Insgesamt freuen wir uns darüber, dass die Kommission zu einem Ergebnis kommt, von dem wir als Bündnis schon lange sprechen: dass die §§ 218-218a StGB die Grundrechte der schwangeren Person verletzen und Deutschland gegen seine völkerrechtlichen Pflichten unter anderem aus der CEDAW verstößt.
Die Empfehlungen der Kommission entsprechen im überwiegenden Teil den Forderungen des Bündnisses, die wir auch in unserer neuen Petition “legal, einfach, fair – für eine Neuregelung des Schwangerschaftsabbruches!” vor kurzem wiederholt haben. Darin formulieren wir das Ziel, dass der Zugang zu Schwangerschaftsabbrüchen legal, einfach und fair werden muss. Die konkreten Forderungen finden Sie hier.
Der gewollte Schwangerschaftsabbruch muss außerhalb vom Strafgesetzbuch geregelt sein.

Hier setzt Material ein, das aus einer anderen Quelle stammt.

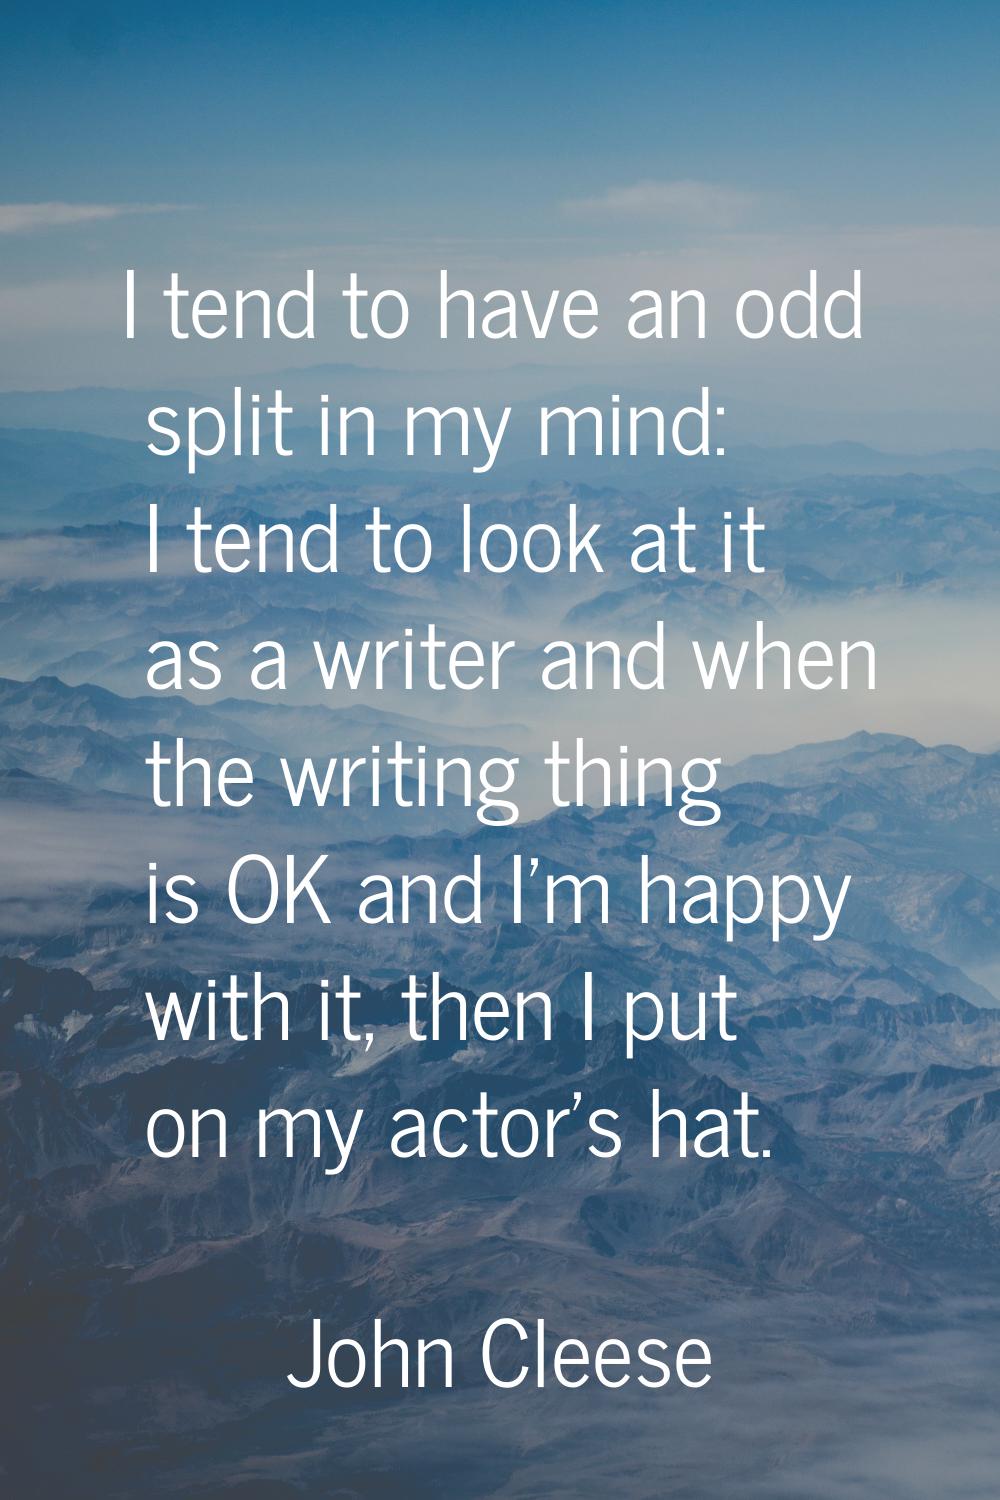 I tend to have an odd split in my mind: I tend to look at it as a writer and when the writing thing
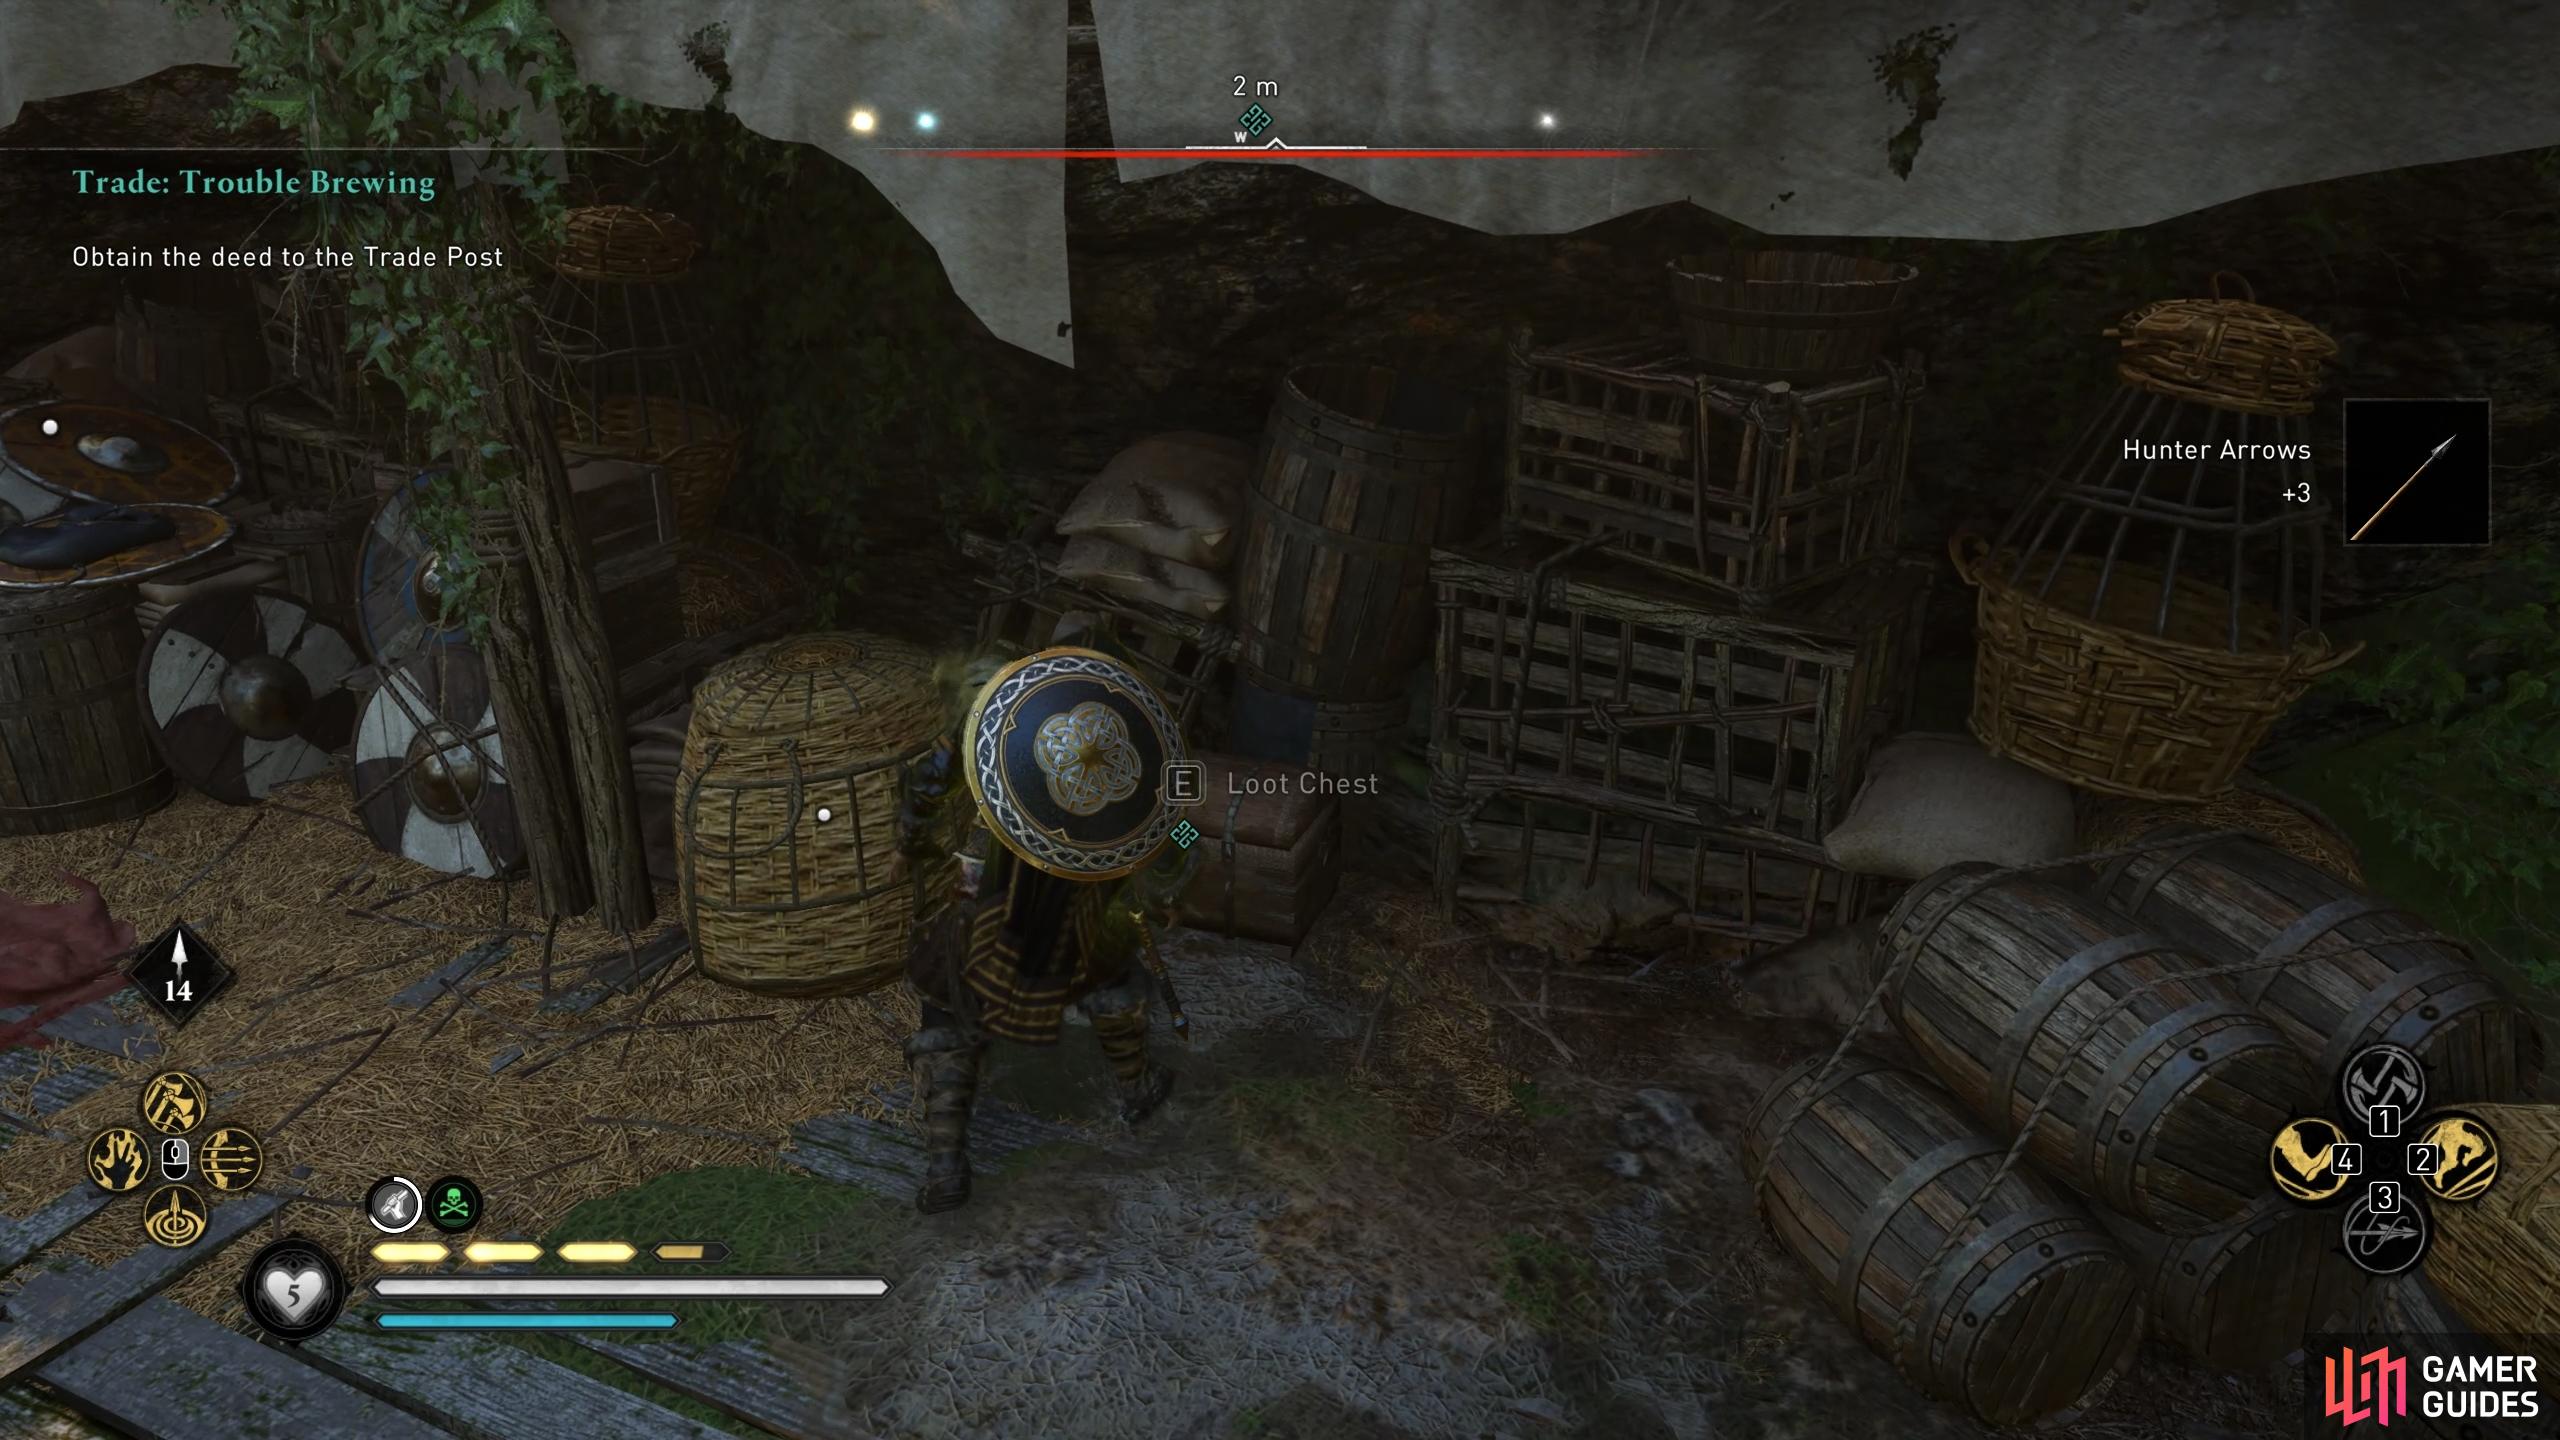 Youll need to loot the deed from a chest in the camp.

Hierfür bietet sich beispielsweise das Schwangerschaftskonfliktgesetz an – dessen Namensänderung wir in diesem Zuge anregen.
Der pro familia Bundesverband legt in seiner Stellungnahme dar, warum die bestehende Beratungspflicht durch ein Recht auf freiwillige Beratung ersetzt werden muss. Auch wir treten für die Abschaffung der Beratungspflicht ein und schließen uns dieser Stellungnahme an. Denn eine solche Pflicht verstößt gegen fachliche Standards: gerade die Freiwilligkeit ist ein fachliches Merkmal psychosozialer Beratung. Daneben kann sie für Schwangere ohne Beratungsbedarf eine zeitliche Verzögerung des Zugangs zum Schwangerschaftsabbruch mit sich bringen, die nicht im Sinne einer guten Gesundheitsversorgung ist. Ein Schwangerschaftsabbruch ist umso sicherer, je früher er stattfindet. Daher fordern wir stattdessen ein flächendeckendes, kulturell und sprachlich sensibles Beratungsangebot.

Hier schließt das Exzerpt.